§ **DATA SUPPLIED**
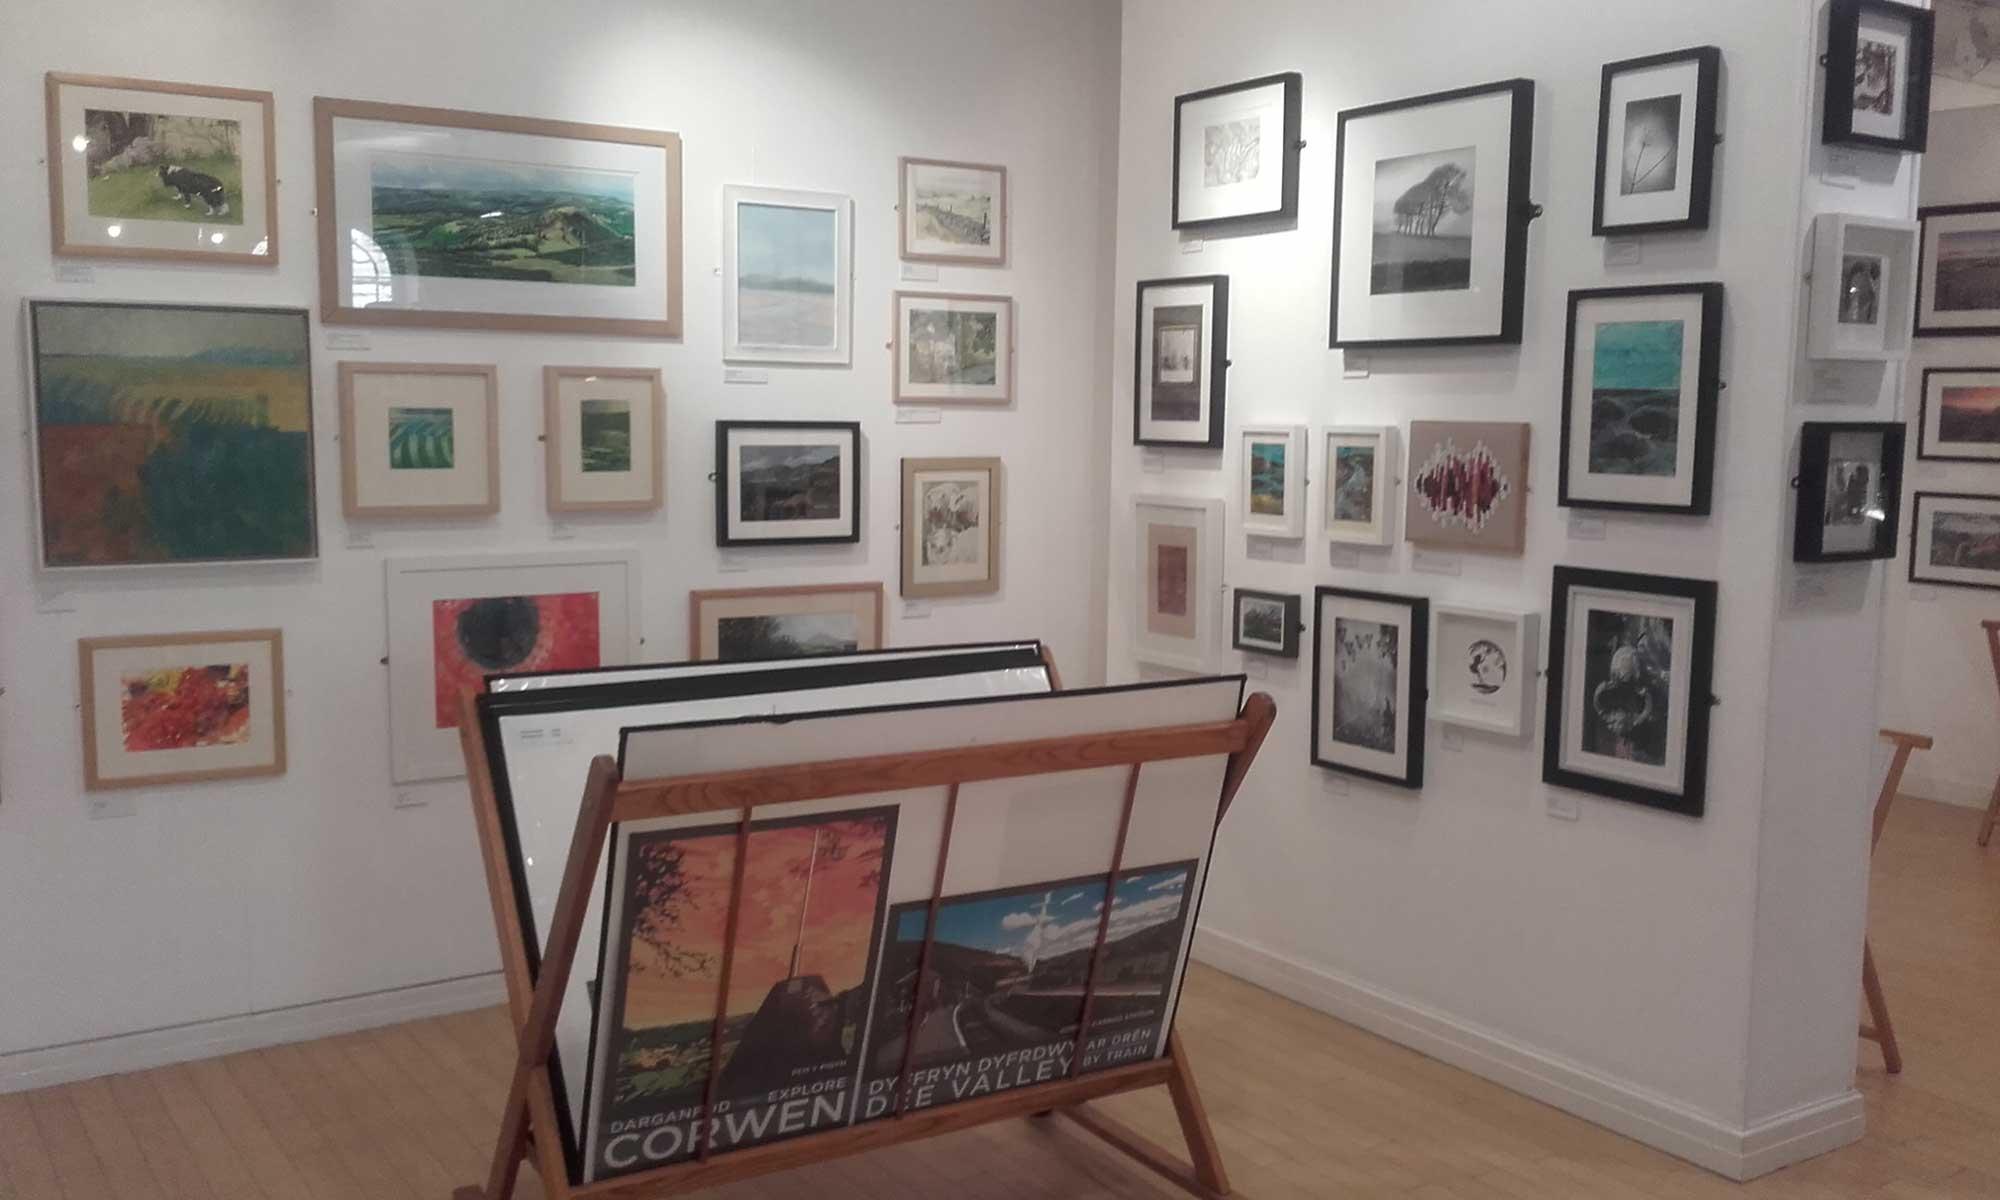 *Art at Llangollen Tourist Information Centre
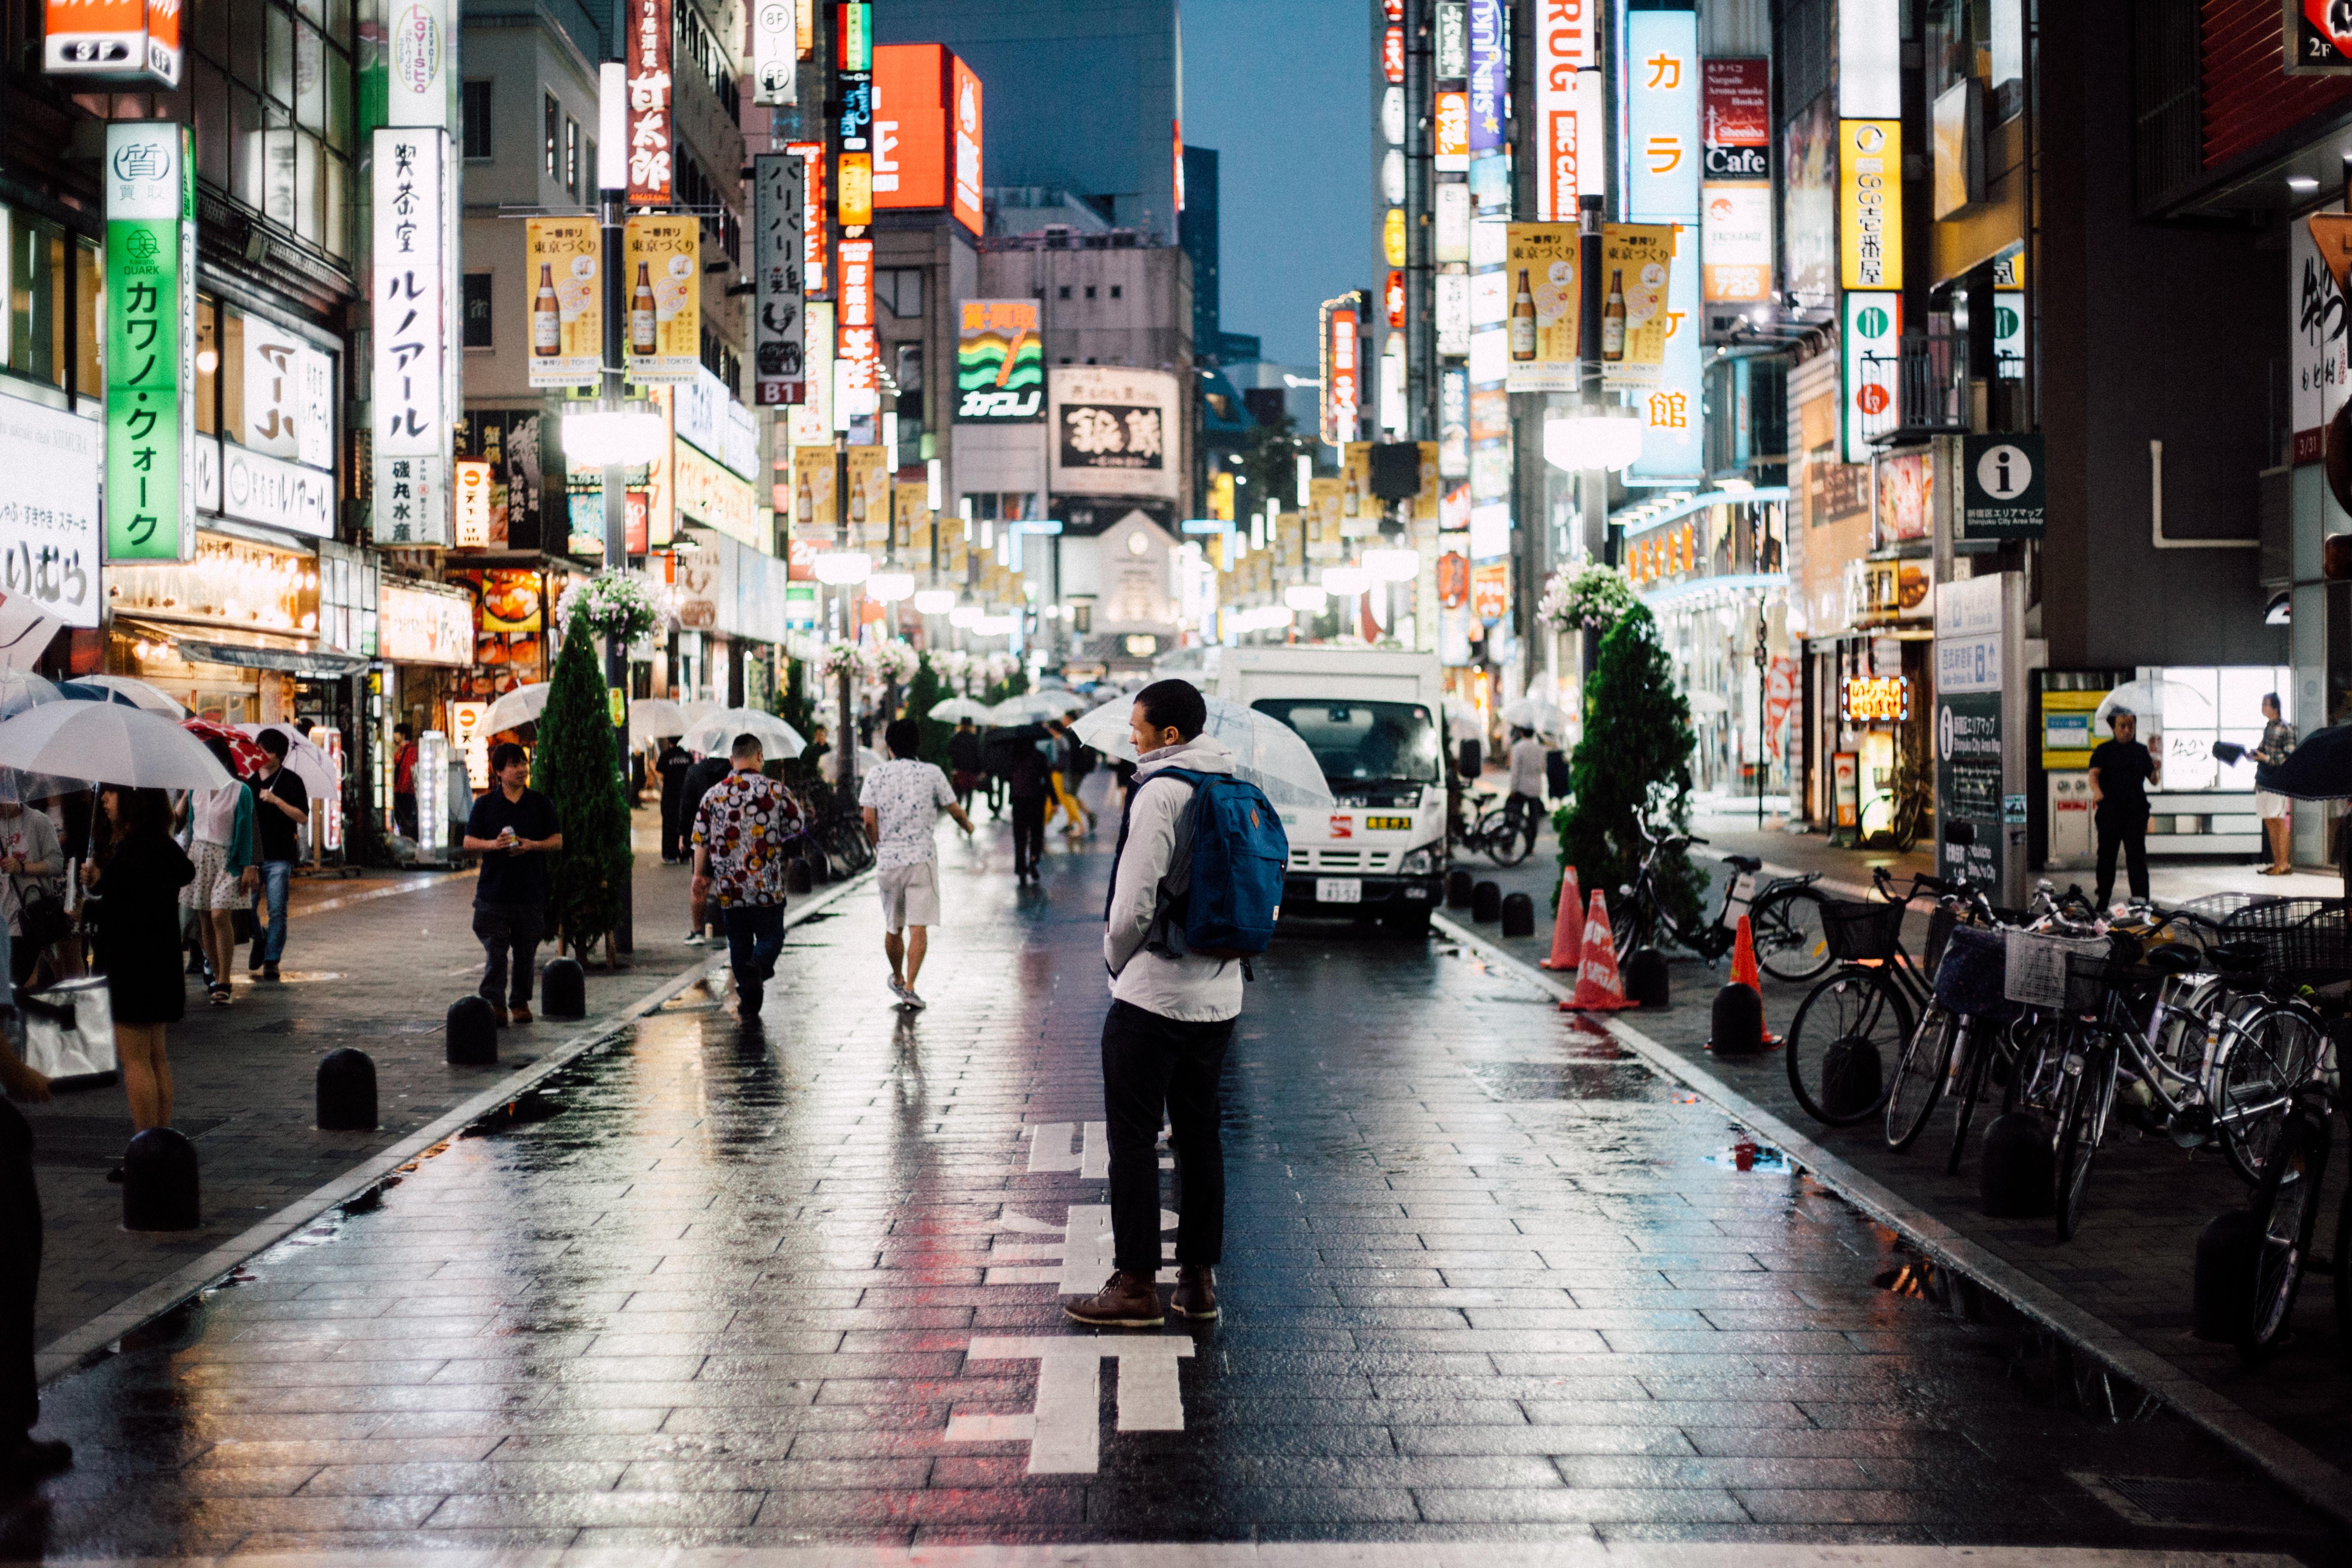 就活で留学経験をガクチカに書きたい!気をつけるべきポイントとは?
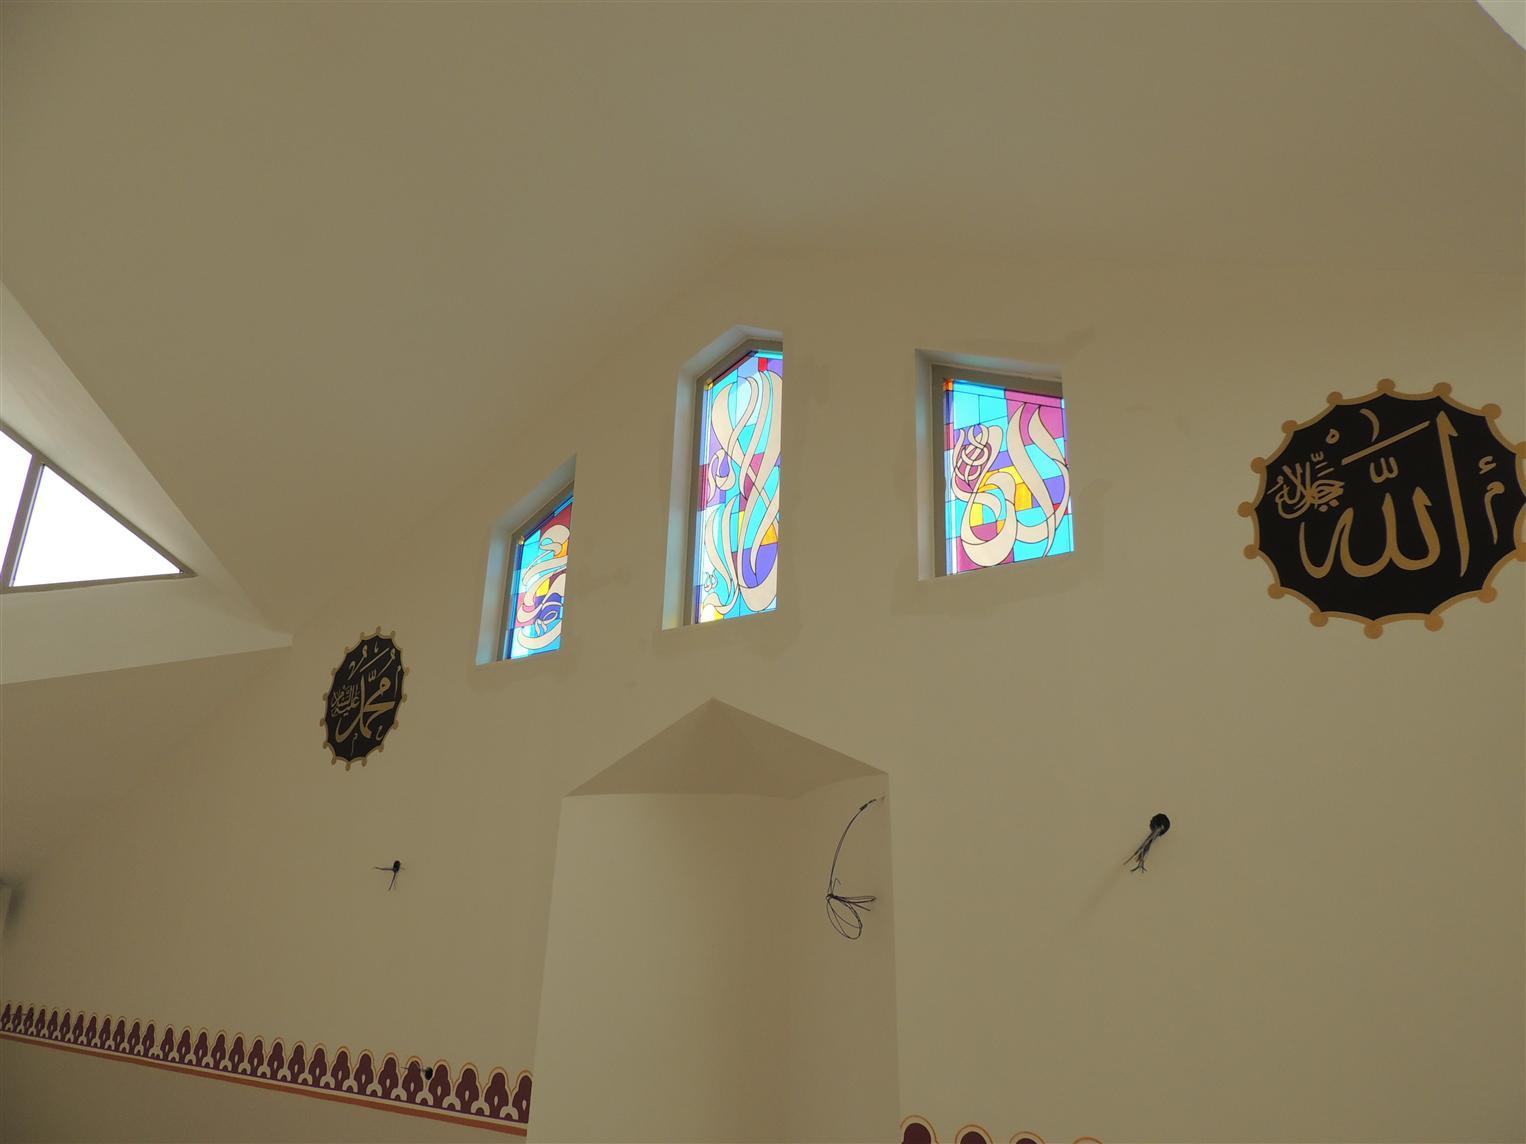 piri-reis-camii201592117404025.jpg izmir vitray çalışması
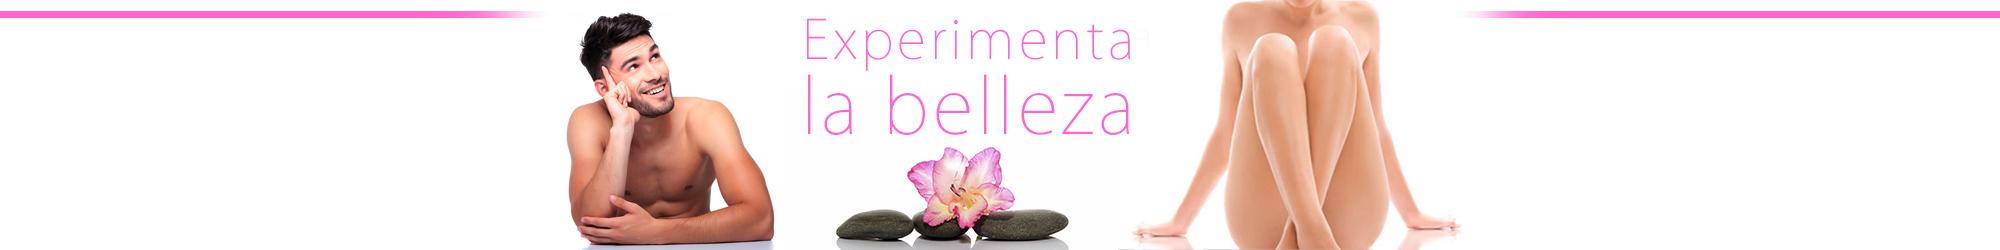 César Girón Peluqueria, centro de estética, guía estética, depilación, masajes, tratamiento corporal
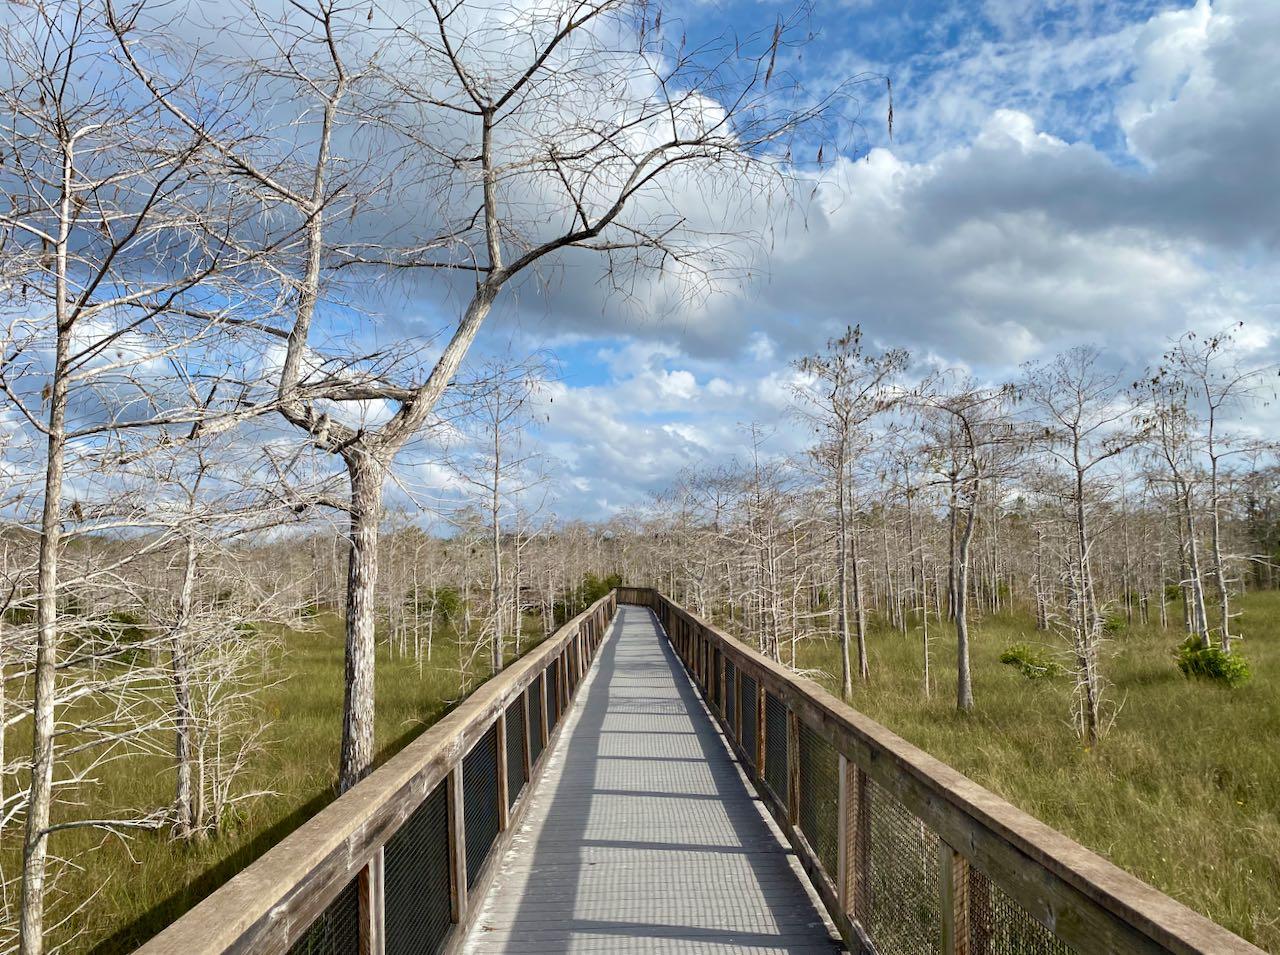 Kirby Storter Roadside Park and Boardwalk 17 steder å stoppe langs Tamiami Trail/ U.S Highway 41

§ **TASK REQUIREMENTS**
Please write out exactly the lines from the one containing "César Girón Peluqueria, centro" through the last line of the records above, and leave out any pictures.

§ **RESPONSE TO THE EXERCISE**
 César Girón Peluqueria, centro de estética, guía estética, depilación, masajes, tratamiento corporal
 Kirby Storter Roadside Park and Boardwalk 17 steder å stoppe langs Tamiami Trail/ U.S Highway 41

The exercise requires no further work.